Kate Allan

The online diary of Kate Allan, author

Sunday, May 08, 2005

Regency 'fiction'

Maili's observations, and Lady Tess and Emma Gad's responses on that fictional world which is Regency-England-according-to-the-laws-of-historical-romance has got me thinking. But I'm not thinking anything new from when I deliberately set out to write Regency which reflected more what I consider reality, than the costume dramas of many romances.

The reality is in the detail.

I've written two Regency romances which will be published next year by DC Thomson:

In A Notorious Deception, which is set in 1810, I had great fun researching canal transport. Did you know that there were canal passenger packet boats in the days before the railways, for example, the Padddington packet which carried passengers from Uxbridge up the Grand Junction Canal to London? The first part of the story takes place in Brentford, Middlesex. It was really interesting looking into the local history of the town and seeing how it was in Regency times. It was quite a well-to-do place, noted for its good shopping. My brief historical notes are here.

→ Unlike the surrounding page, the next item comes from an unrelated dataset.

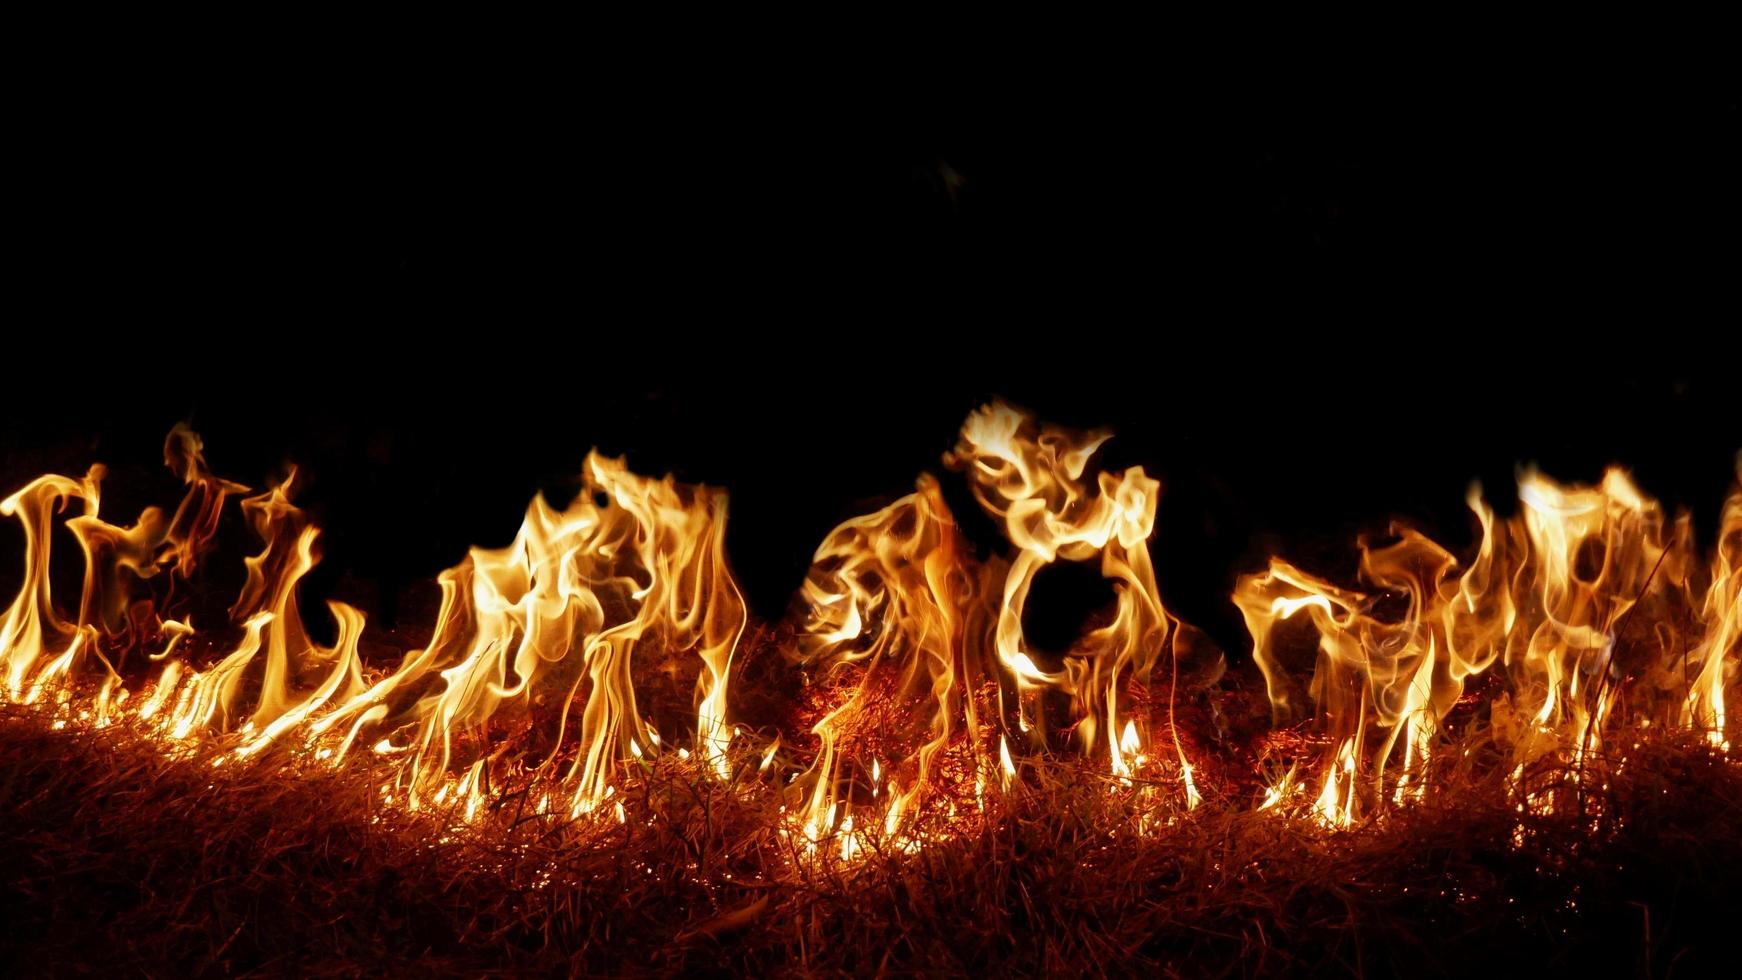 incendies de meules de foin la nuit dans les zones arides, les cendres ont éclaté et le vent était très dangereux. cendres rouges comme l'enfer. photo
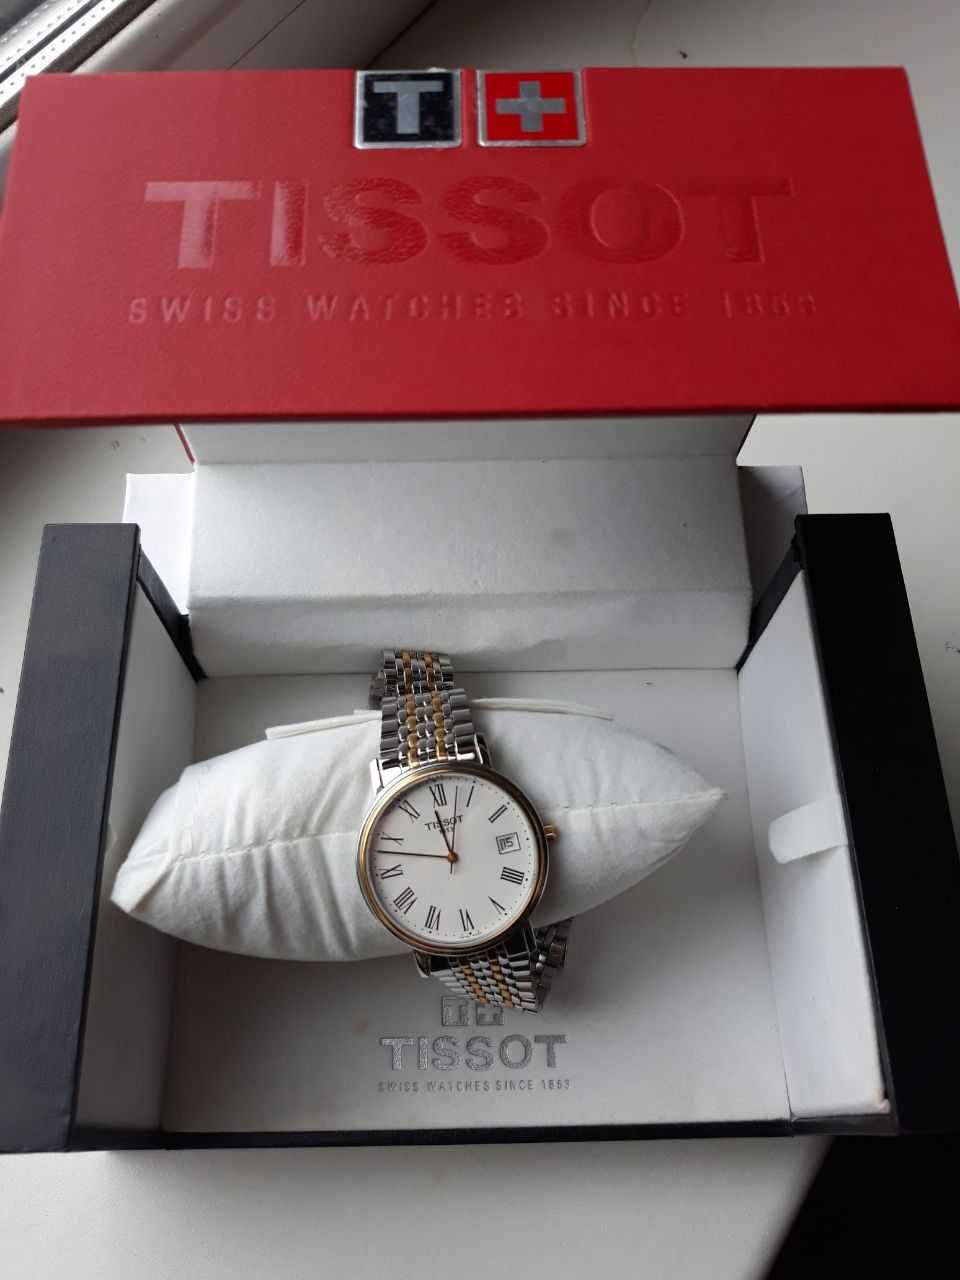 Мужские часы Tissot в оригинальной упаковке (не носились)

In Journey to Love, which I was revising earlier this year, the majority of the action takes place on the road from York to London. They pass through, for example, a town called Selby south of York, and I managed to find on the internet a near contemporary gazette of the town, and some pictures of the town and the River Ouse, and it's toll bridge. It's so great to be able to write this into the story:

‘Miss Oakley?’ a low voice was saying.
‘Oh! Oh dear!’ She must have fallen asleep! Bella felt her cheeks go red as she righted herself. Was it lunchtime already? The coach had stopped and they were in a town.
‘The coachman is paying the toll for the bridge,’ Mr Davenport said and smiled. The way he looked at her made her want to blush all the more. ‘We are in Selby.’
Bella stared out of the window, where the breeze coming in was thankfully cool. The horses jolted and walked over the magnificent draw bridge over the river which was bustling with ships and packet boats.

(c) K Allan, 2005

The Lady Soldier is a romance because romance is central to the story, but it's too real and breaks so many 'rules' that no romance publisher was going to be able to fit it into what is published as historical romance.

So it's being marketed as historical fiction. Which it is. There's plenty of action / adventure. It's set in the Army and the characters drink, and swear, and kill people. There is no brushing under the carpet, or using of a rose-tinted view.

I'm glad about this because romance readers will find it a little different from what they are used to, and hopefully a more satisfying read in the end precisely because the saccarine is not there.

I hope.


  • At 4:49 pm, Anonymous Pamela Cleaver said…

    Did you know that CS Forester used that canal boat journey in one of his books when Hornblower had to get to London in double quick time? Horatio helped 'leg' the boat through one of the tunnels.


  • At 3:41 pm, Anonymous Jill said…

    Loved the look into your upcoming books!